__DATA UNDER STUDY__.
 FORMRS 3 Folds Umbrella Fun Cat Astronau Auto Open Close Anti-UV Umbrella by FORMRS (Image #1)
---
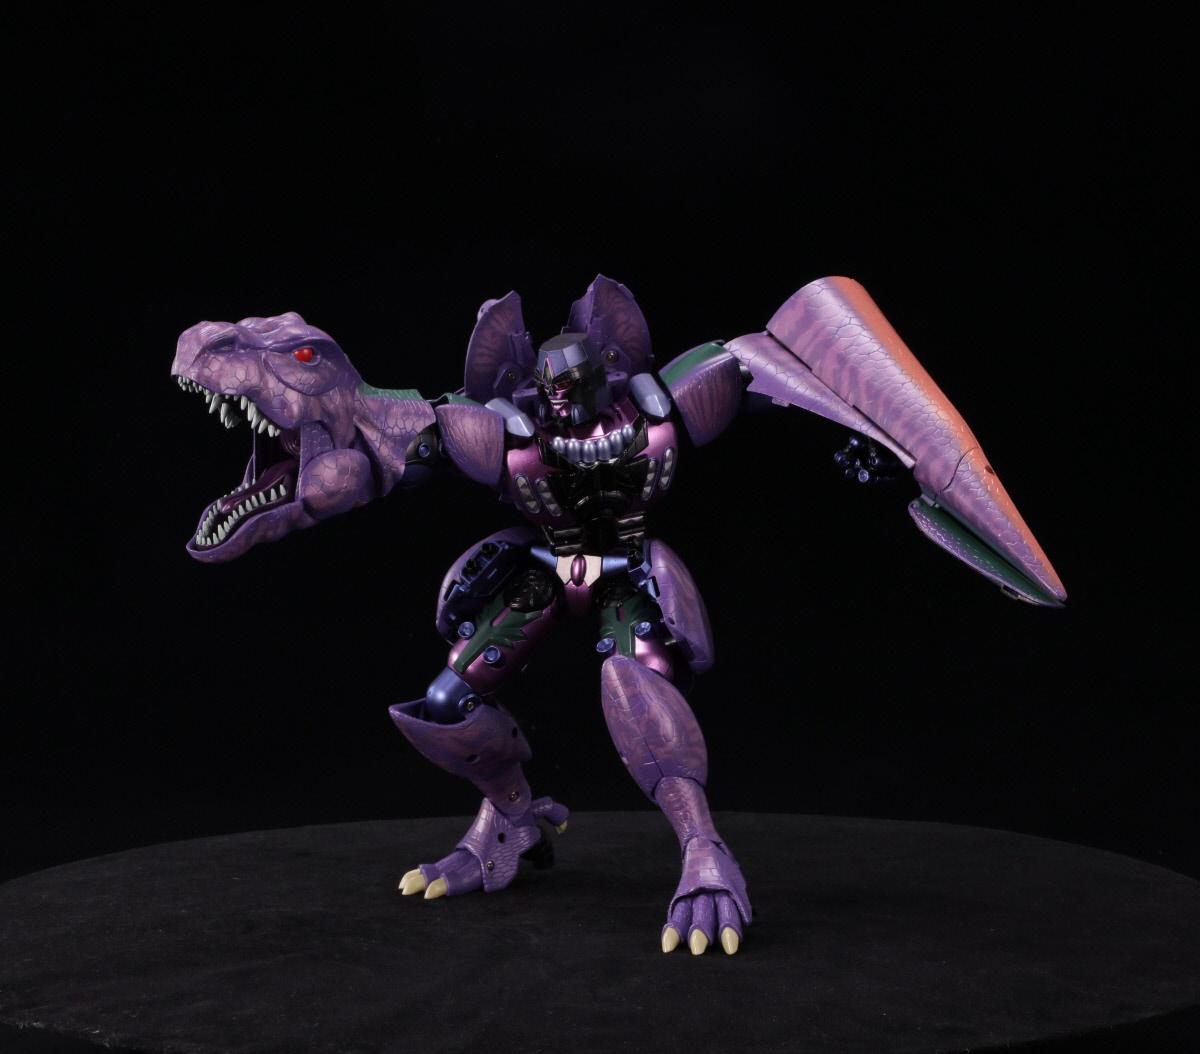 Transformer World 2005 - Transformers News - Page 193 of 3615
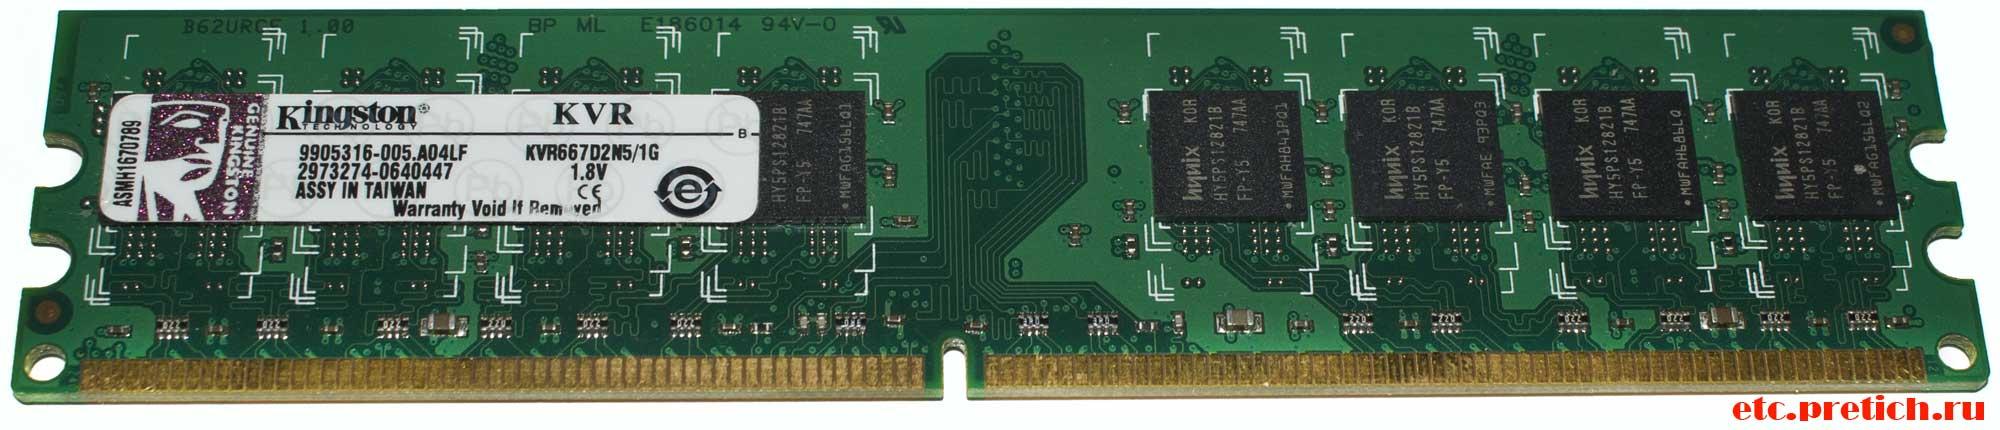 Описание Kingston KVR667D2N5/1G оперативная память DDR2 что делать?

__WHAT YOU NEED TO DO__.
Copy back exactly the lines above from the one containing "Transformer World 2005" through the one containing "Описание Kingston KVR667D2N5/1G", and leave every picture behind.

__RESPONSE TO THE TASK__.
 Transformer World 2005 - Transformers News - Page 193 of 3615
 Описание Kingston KVR667D2N5/1G оперативная память DDR2 что делать?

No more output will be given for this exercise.